During previous proceedings, Rachel Oefelein, a forensic DNA analyst at DNA Labs International in Florida, testified how the DNA profile obtained from a “sperm fraction” found on Ms Bowen’s vaginal swab matched the DNA profile obtained from Williams.

Ms Oefelein said the chance that an unrelated person, chosen at random from the general population, would match that DNA profile is approximately one in every 160 quadrillion individuals.
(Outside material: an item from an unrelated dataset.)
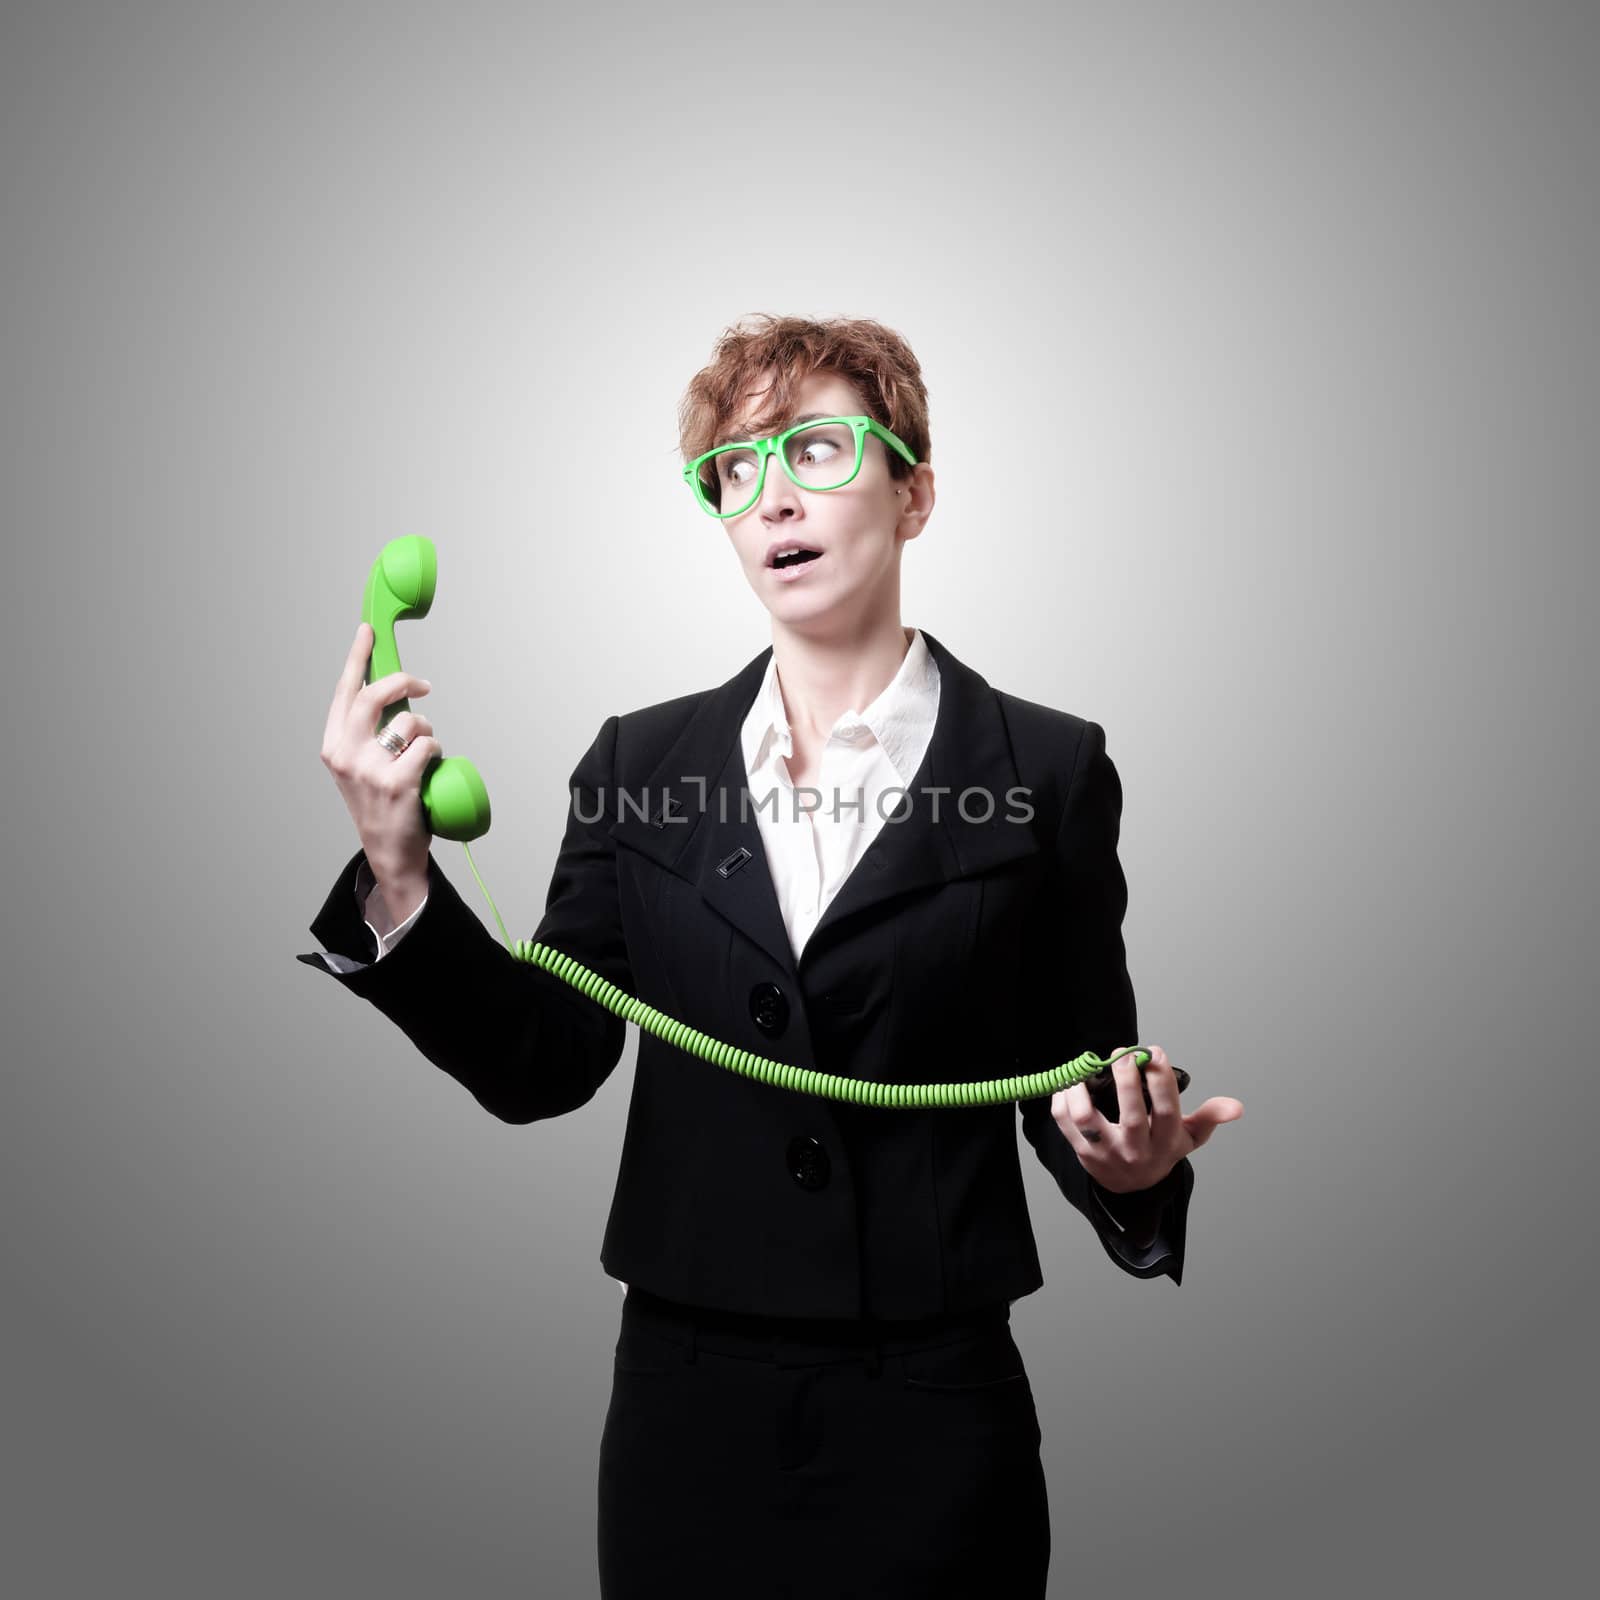 surprised business woman with phone on gray background

Additionally, Ms Oefelein said her forensic analysis of Ms Bowen’s fingernail clippings, which showed indications of blood matter, revealed a DNA profile “foreign” to the victim.

And that foreign DNA profile, Ms Oefelein said, indicated at least one male contributor. Ms Oefelein said Williams could not be ruled out as a possible contributor to that foreign DNA profile, thus, it was reanalysed using probabilistic genotyping methods.

Due to it being reanalysed, Ms Oefelein said the DNA profile obtained from the fingernail clippings is approximately 31,000 times more probable if the sample originated from Williams and Bowen than if it originated from Bowen and an unknown person.

Therefore, she said there is very strong support that Williams and Ms Bowen contributed to that mixed DNA profile, rather than Ms Bowen and an unknown person.

At the close of the Crown’s case, Williams opted to remain silent but called two witnesses on his behalf - his mother and attorney Lessiah Rolle, whose evidence he used to corroborate his alibi that he could not have been at the scene of the crime on the date and time in question.

Williams’ mother testified that on the date in question, her son was at home in Garden Hills before he left with her to do school runs. She claimed she ultimately dropped him off in the downtown area. Mr Rolle, meanwhile, testifed that at 9:45am on the date in question, he met with Williams for an appointment.

Stanley Rolle and Marianne Cadet from the Office of the Public Defender represented Williams. Roger Thompson and Fania Joseph, from the office of the attorney general, prosecuted the matter.